How to scale LLM workloads to 20B+ with Amazon SageMaker using Hugging Face and PyTorch FSDP
A couple of weeks ago, Together released an instruction-tuned large language model, fine-tuned for a chat from EleutherAI GPT-NeoX-20B with over 43 million instructions under an Apache-2.0 license! It is the first big open-source alternative to OpenAIs ChatGPT. The model might not perform as well as ChatGPT on your domain-specific prompts and input out of the box, but that's something we can improve through fine-tuning. We are going learn how to use PyTorch FSDP on Amazon SageMaker with Hugging Face to fine-tune LLMs on a multi-node multi-GPU setup
In this tutorial, you will learn how to:
- Setup Environment
- Load and prepare chat dataset
- Fine-tune the GPT model using FSDP on Amazon SageMaker
What is PyTorch Fully Sharded Data Parallel (FSDP)?
PyTorch FSDP (Fully Sharded Data Parallel) is an extension of data parallelism that enables efficient large-scale training of LLMs. With FSDP, each GPU stores only a subset of the model and associated optimizer states and gradients and can optionally offload the sharded model parameters to CPUs. This helps maximize the overlap between network communication and model computation, reducing the memory footprint on GPUs.
[Introducing PyTorch Fully Sharded Data Parallel (FSDP) API]
FSDP optimizations include:
- Transformer Wrapping Policy
- Mixed Precision (bf16)
- Activation Checkpointing (Gradient Checkpointing)
- Full Sharding Strategy
PyTorch FSDP is natively integrated into the Hugging Face Trainer, making it easy to adapt and use. You can learn more about PyTorch FSDP in Efficient Large-Scale Training with Pytorch FSDP and AWS or Introducing PyTorch Fully Sharded Data Parallel (FSDP) API blog post.
Now, Let's get started! 🚀
Tutorial
In this tutorial, we will fine-tune the new GPT-NeoXT-Chat-Base-20B on the ELI5 dataset to improve the explanation and question-answering skills of the agent. The ELI5 dataset is an English-language dataset of questions and answers gathered from three subreddits where users ask factual questions requiring paragraph-length or longer answers.
GPT-NeoXT-Chat-Base is a 20B open-source LLM, which makes it hard to fine-tune on a single GPU or even a single Node with multiple GPUs. We are going to use Amazon SageMaker managed training platform as our infrastructure backbone to help us create a multi-node cluster to easily run our distributed training.

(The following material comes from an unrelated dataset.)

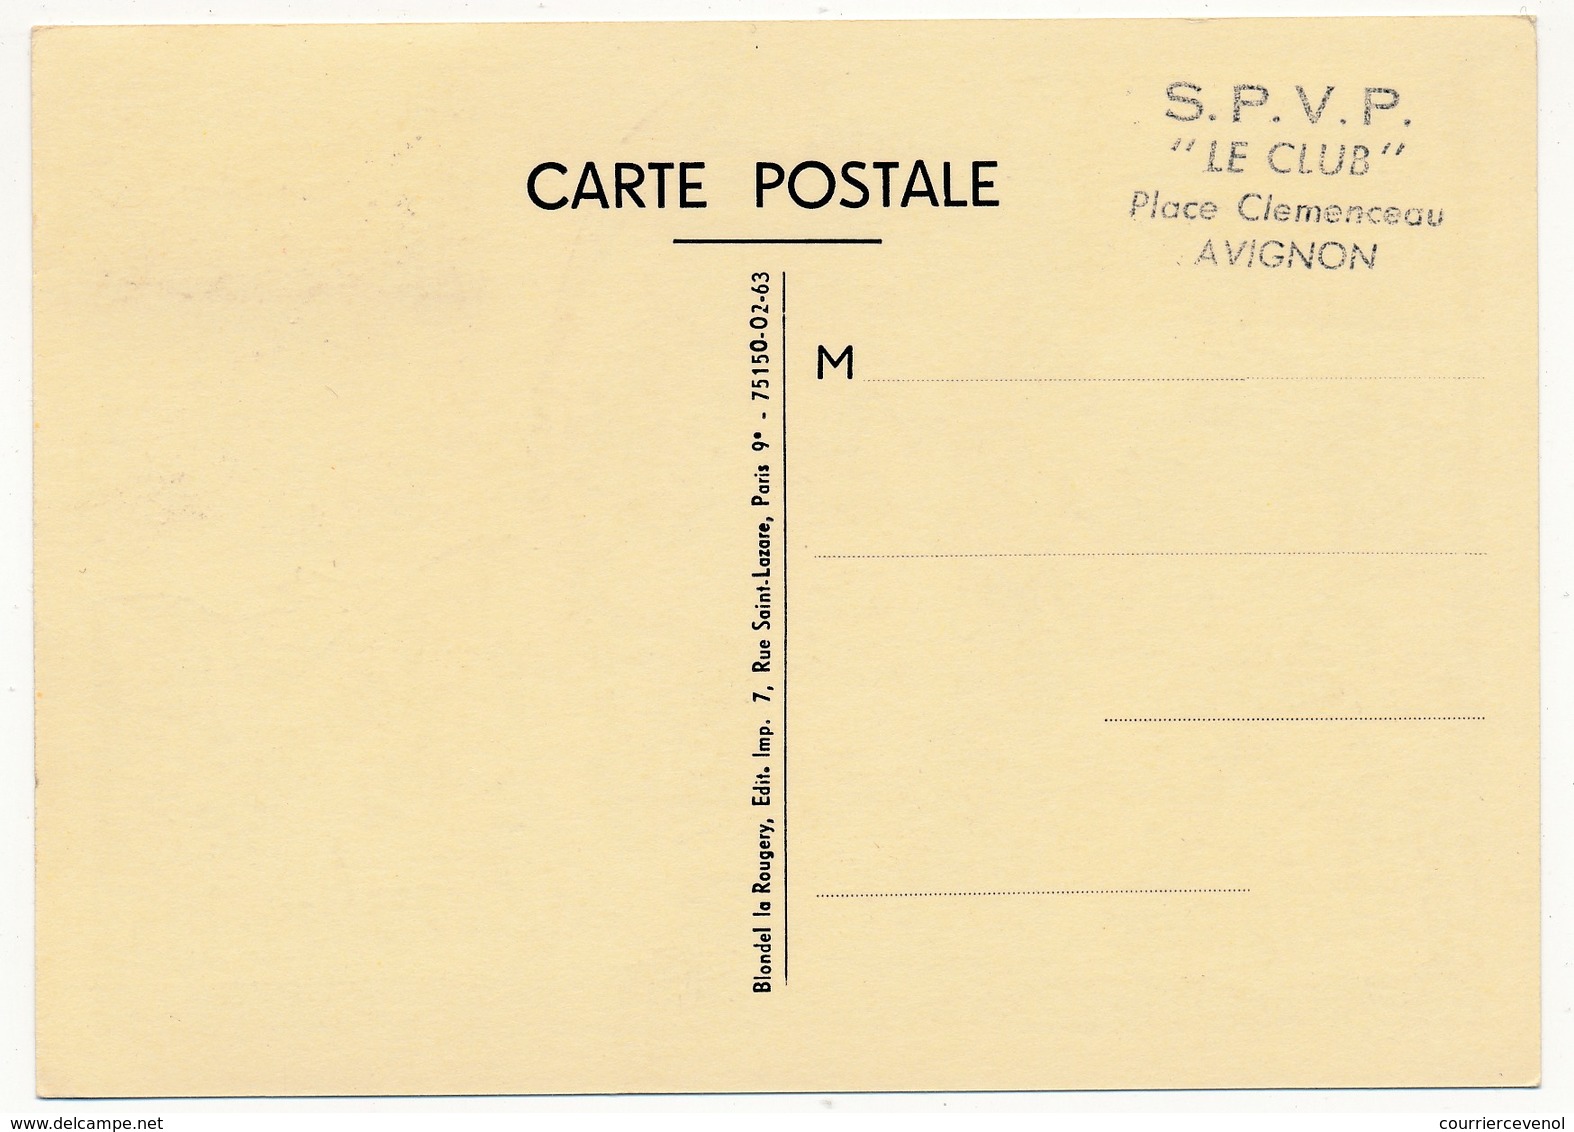 FRANCE - Carte Locale - Journée Du Timbre 1963 - Poste Gallo-romaine - AVIGNON (Vaucluse) - 16.3.1963 - Journée Du Timbre

As instances, we will use 2x p4d.24xlarge instances, which come with 8x NIVIDA A100 40GB GPUs.
Note: You might have to increase and request a quota for those instances.
As distributed training framework, we will use Pytorch FSDP + Hugging Face Transformers Trainer, which will make it super easy to distribute our model and data in a fully sharded way across all our nodes and GPUs.
1. Setup Environment
The first step is installing the Hugging Face Libraries, including transformers, datasets, and sagemaker. Running the following cell will install all the required packages.
If you are going to use Sagemaker in a local environment. You need access to an IAM Role with the required permissions for SageMaker. You can find here more about it.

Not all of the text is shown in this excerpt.